Omg it works!! It was the monitor i supose, got my new one and works like a charm! For anyone else that might read this i was useing a Dell CRT monitor that was a VGA cable, the new monitor is a DVI hook up.

Wow all that stressin out and unhooking everything/trying different things for nothin! certainly glad i dont have to RMA anything  

One last question sinse i restarted the BIOS by taking the battery out do i have to update it now? its F16 i believe, is there a need to have the very latest BIOS?

Thanks for everyones time.


----------



## Crap Daddy (Dec 6, 2012)

Glad it works! If everything's stable and you have no issues there is no need for the latest BIOS.


----------



## Sasqui (Dec 6, 2012)

shrimphead7 said:


> Omg it works!! It was the monitor i supose, got my new one and works like a charm!

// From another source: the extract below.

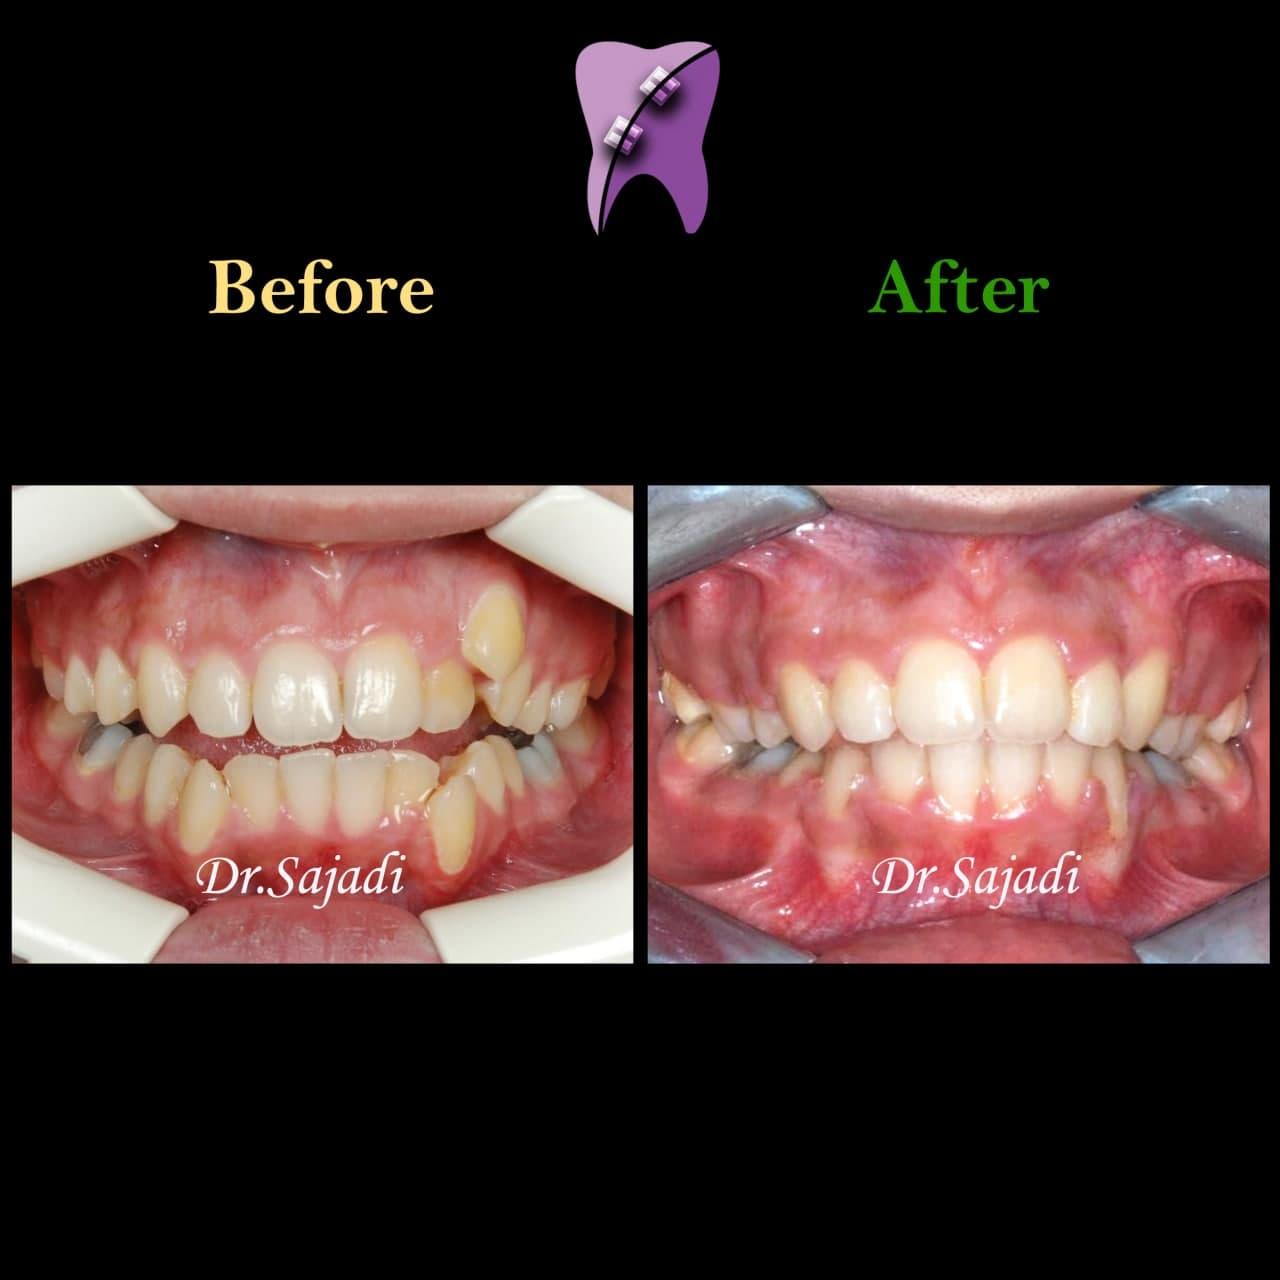 photo 2021 04 24 09 35 23 - درمان اپن بایت و بی نظمی شدید دندانی با ارتودنسی ثابت دو فک با کشیدن دندان
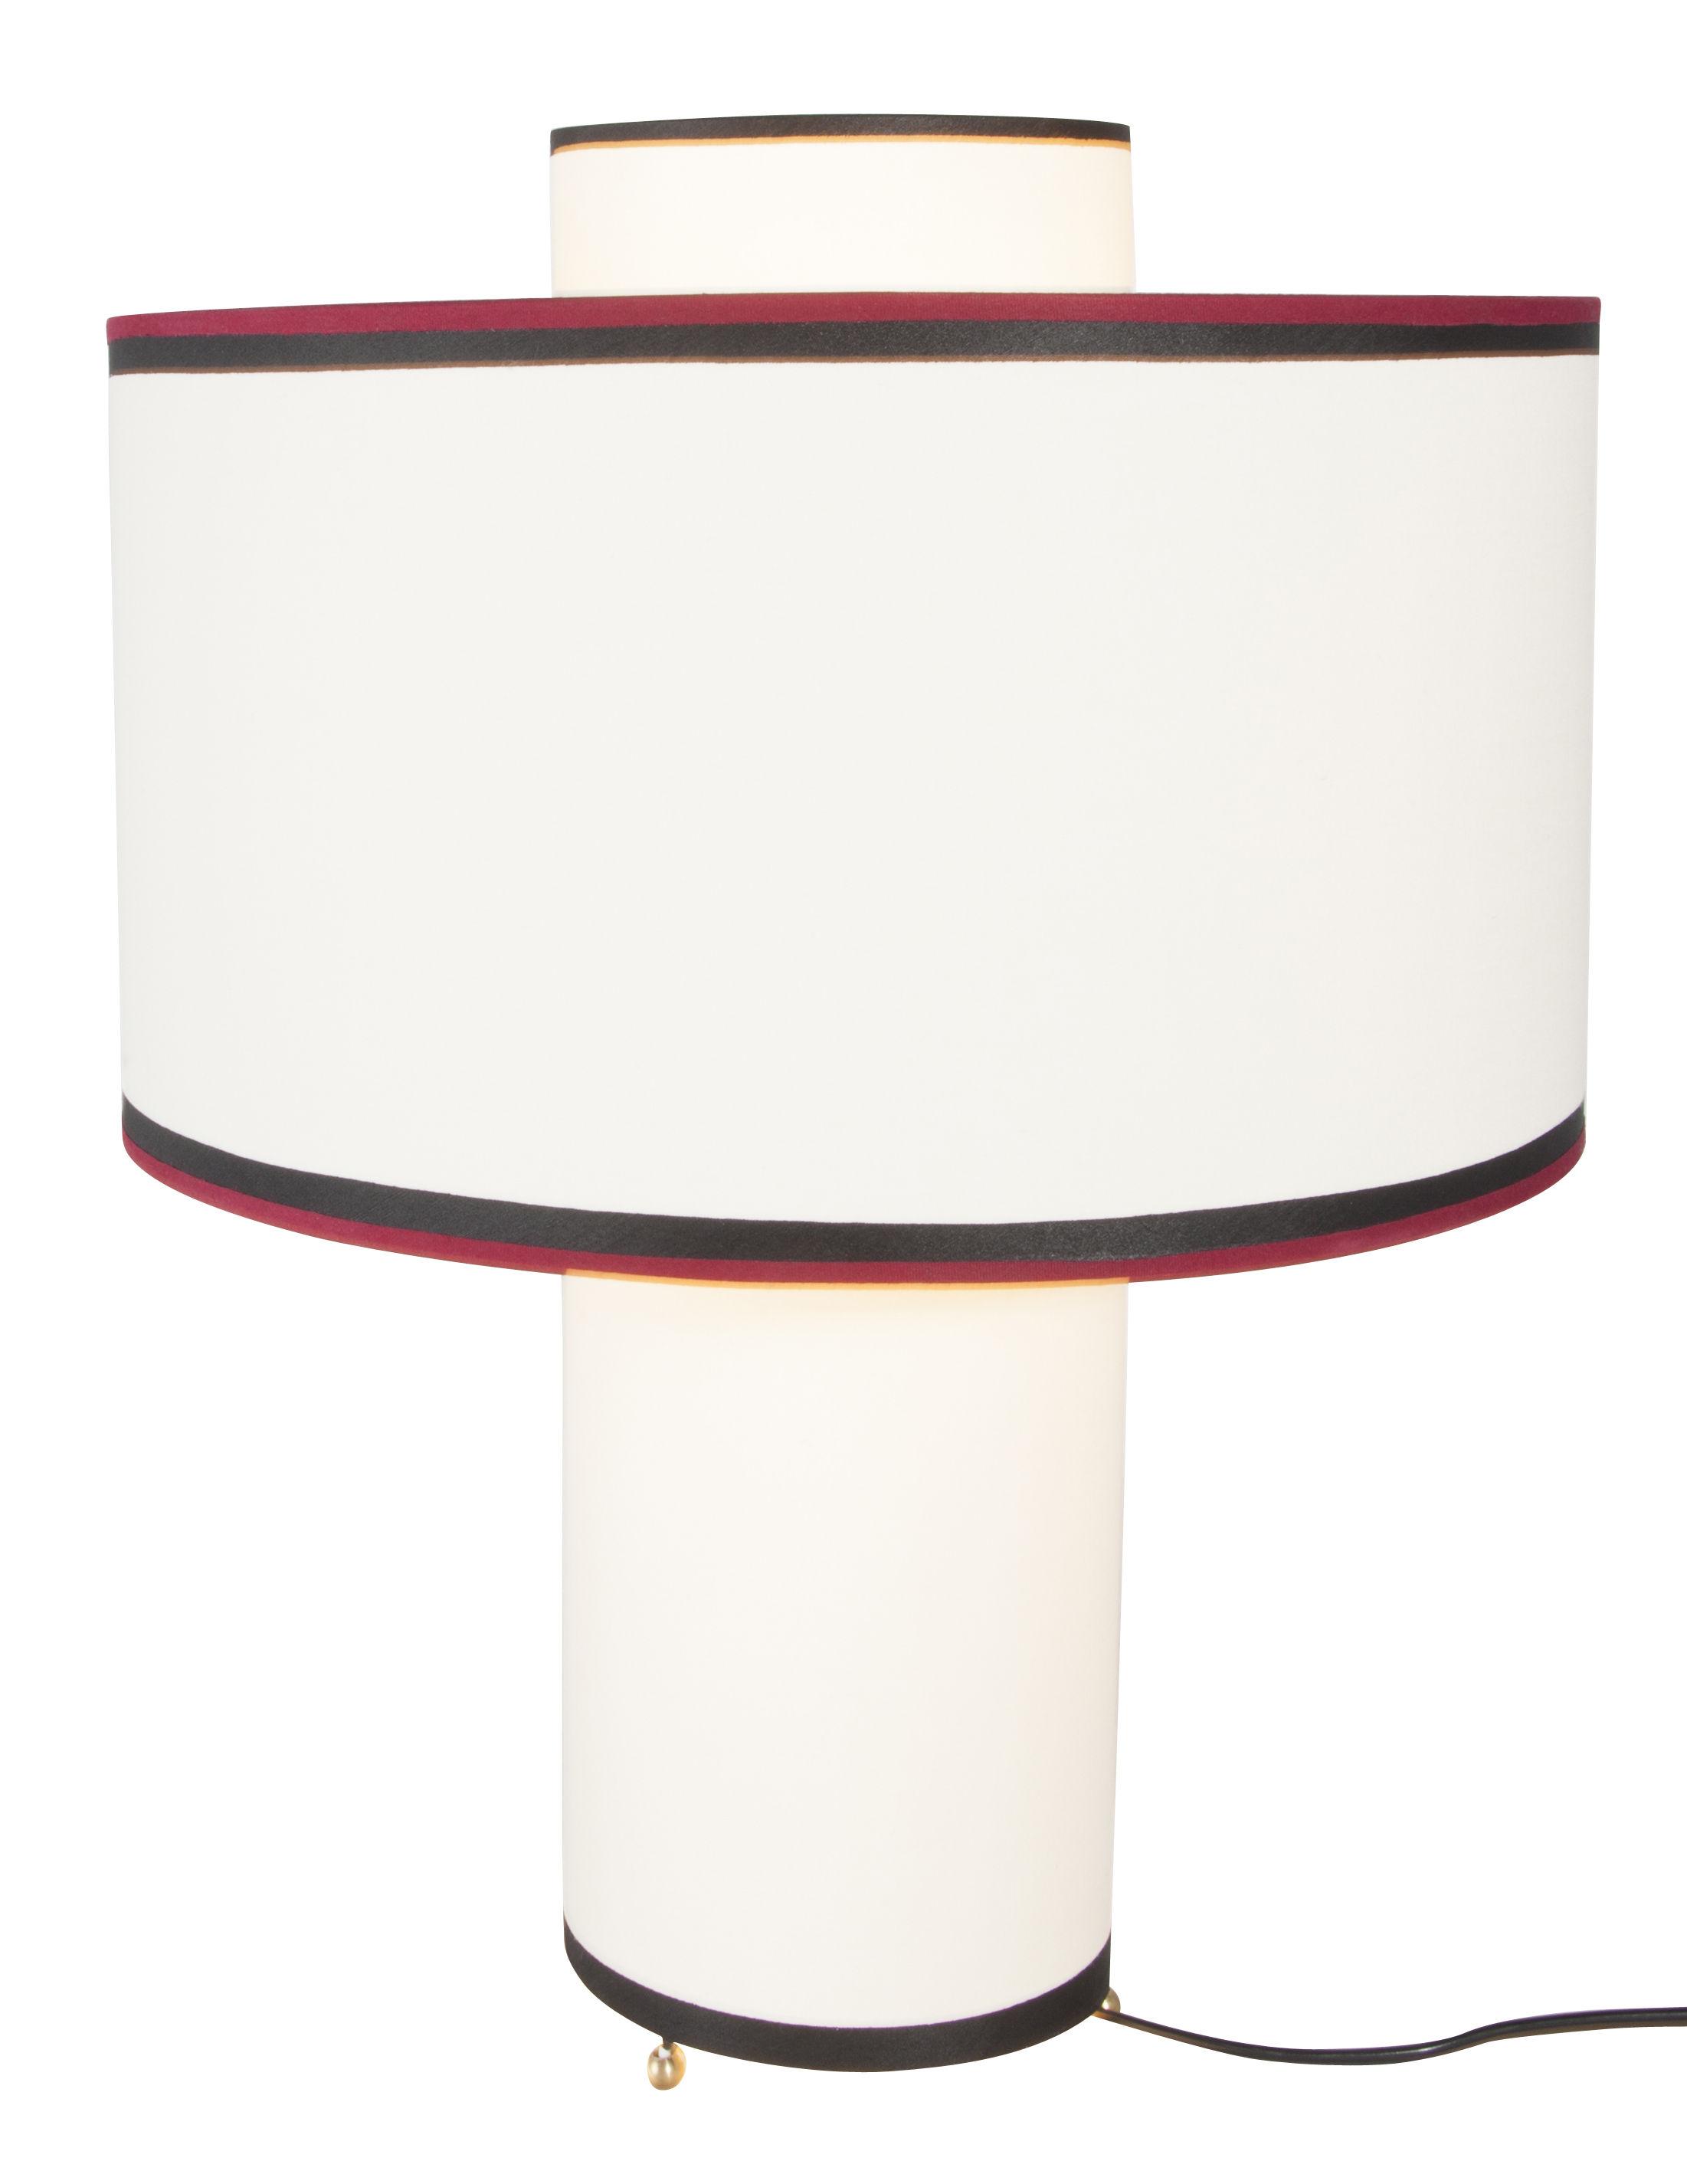 Luminaire - Lampes de table - Lampe de table Bianca / Coton - H 47 cm - Maison Sarah Lavoine - Ecru / Biais rouge & noir - Coton, Métal

For anyone else that might read this i was useing a Dell CRT monitor that was a VGA cable, the new monitor is a DVI hook up.
> 
> Wow all that stressin out and unhooking everything/trying different things for nothin! certainly glad i dont have to RMA anything
> 
> ...



I have a Z77-UDH5 / 3570k (build in process).  Had it hooked up to a spare LCD monitor via VGA cable and everything worked fine, so perhaps it's either a problem with your CRT, or some mode compatibility issue.

Glad it worked out for you!


----------